Interesting, thanks for the report. Maybe worth looking at https://github.com/SciML/DiffEqGPU.jl?tab=readme-ov-file#example-of-within-method-gpu-parallelism. The only difference I see in that example from our example is that we aren't defining an in-place version of the solver time stepping function: https://github.com/ITensor/ITensorMPS.jl/blob/v0.2.3/examples/03_updaters.jl#L11-L14, or there is something more subtle about how we are calling the ODE solver that I am missing.

[mtfishman]

Also note that if you are using GPU, probably you want to use single precision (i.e.
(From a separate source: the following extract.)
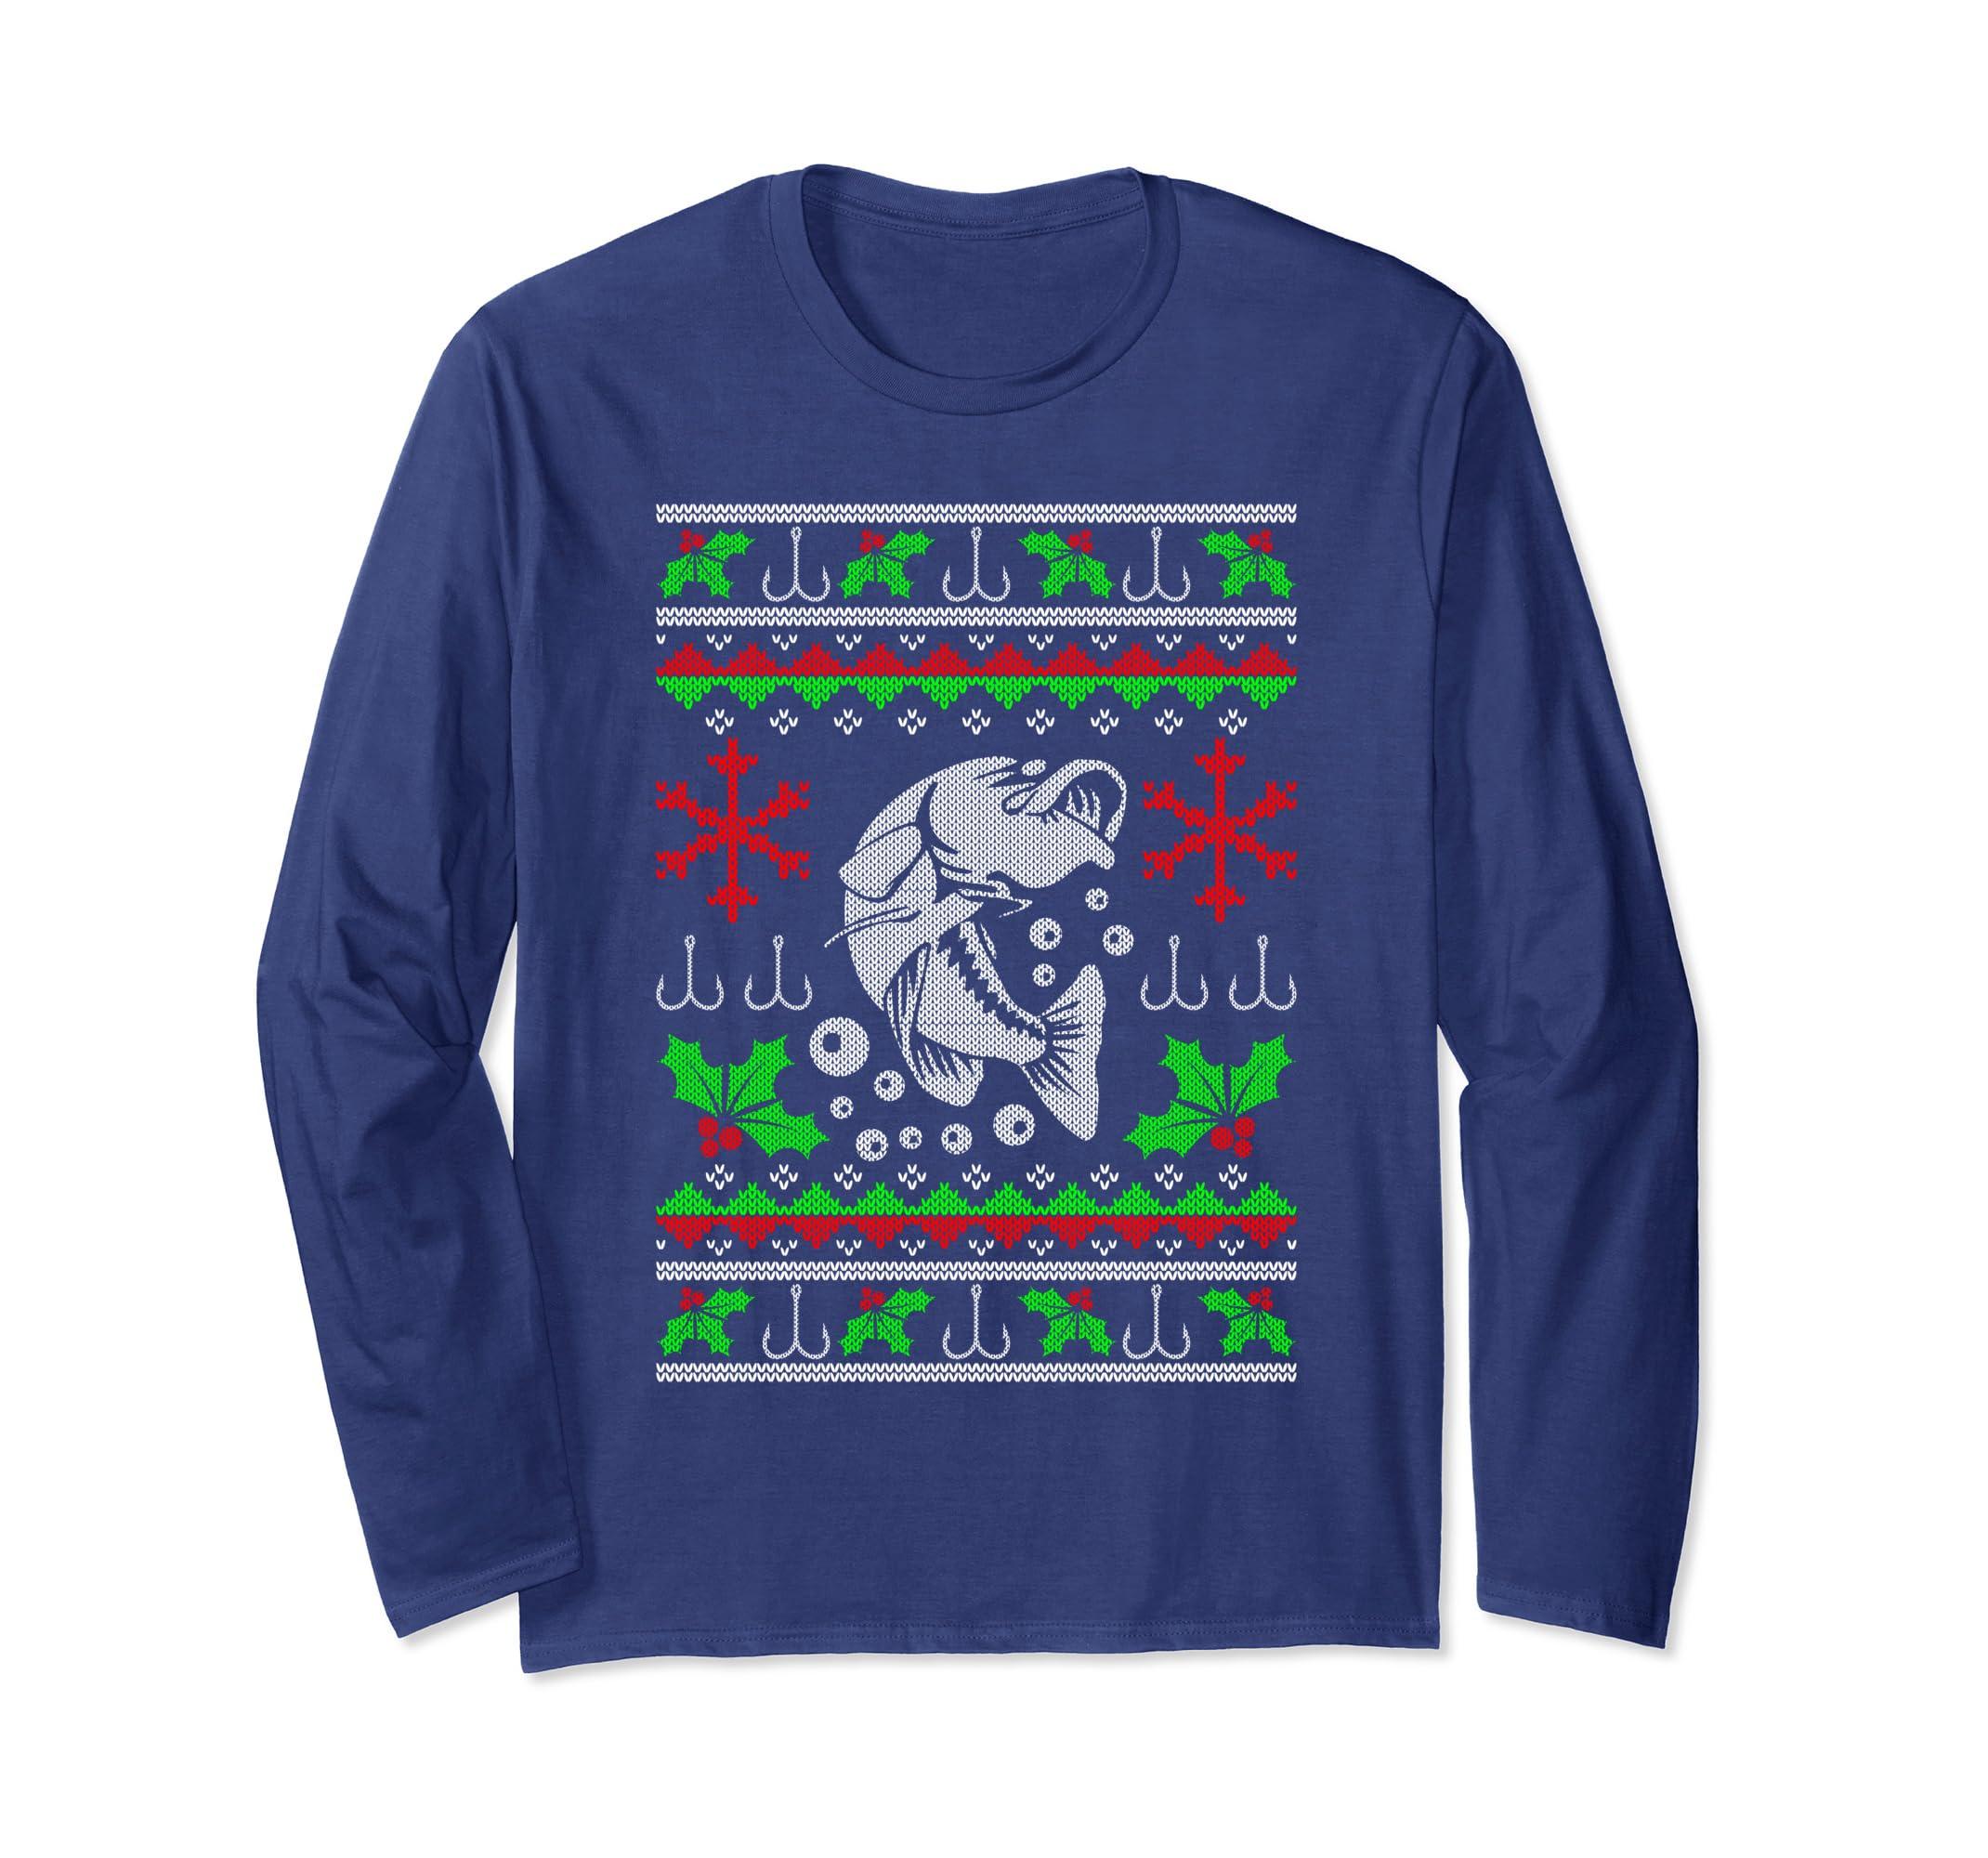 7f20c96cda7b7 Amazon.com: Fisherman's Ugly Christmas Sweater Style Fishing Bass Shirt:  Clothing
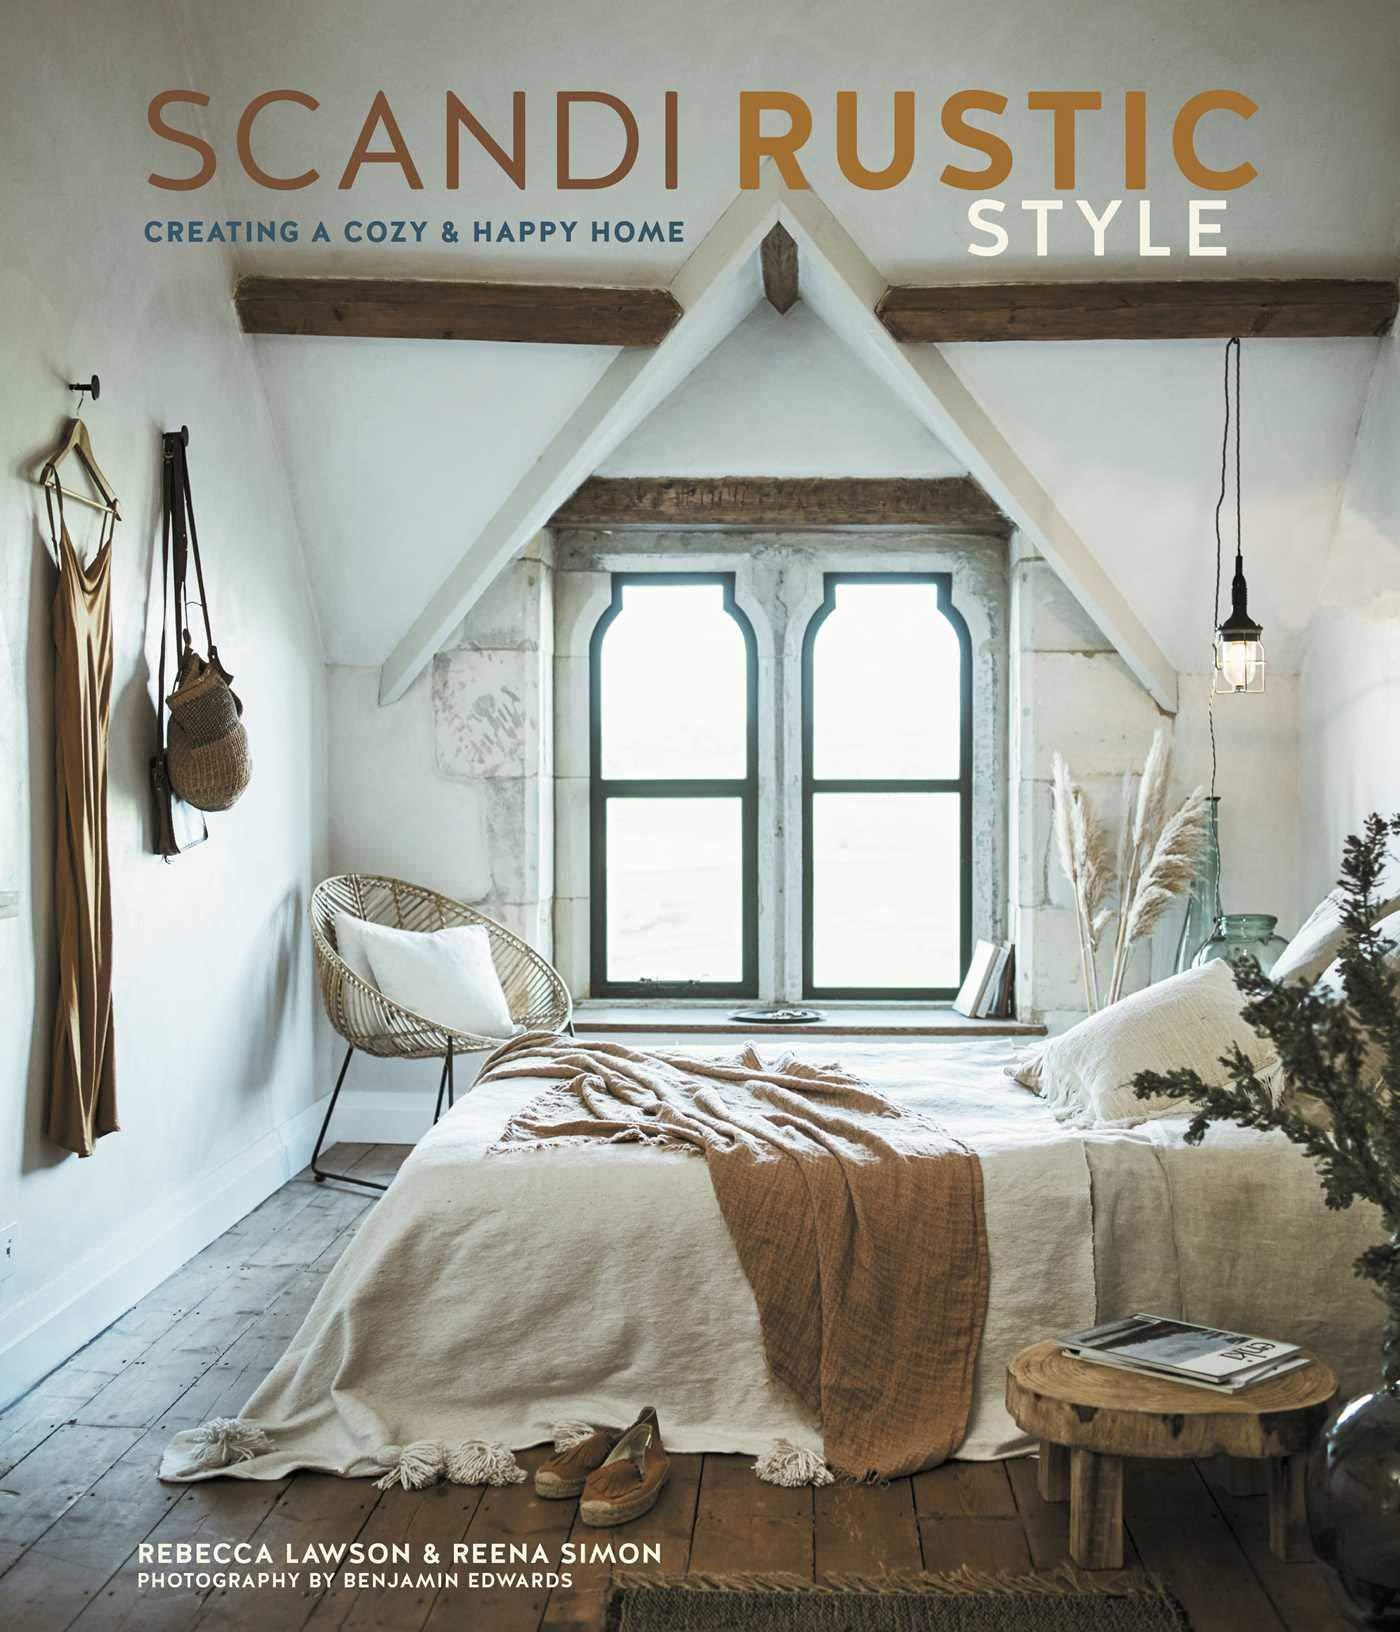 Scandi Rustic Style - Creating a Cozy and Happy Home by Rebecca Lawson & Reena Simon - book cover. #scandirustic #scandinavianstyle #rusticdecor #modernrustic #interiordesign #designbooks #decorbooks

Float32 or Complex{Float32}). cu(...) converts to single precision automatically but you should probably change parameters in the code to single precision, for example ω₁ = 0.1f0, tol = 1f-7, etc. Something we do to easily switch between number types is define the number type at the top of the code and then use it as a variable throughout the code:

elt = Float32

ω₁ = one(elt) / 10
tol = 10 * eps(elt)

but of course feel free to handle that however you prefer.

[mtfishman]

I see the issue, this line here is too restrictive: https://github.com/ITensor/ITensorMPS.jl/blob/v0.2.3/examples/03_updaters.jl#L12 and should allow any AbstractVector rather than just a Vector. I'll make a PR, and additionally make the example easier to run on GPU and select the element type.

[mtfishman]

This is being fixed in #22.

[YotamKa]

Thanks a lot! It works also on my PC over a GPU backend.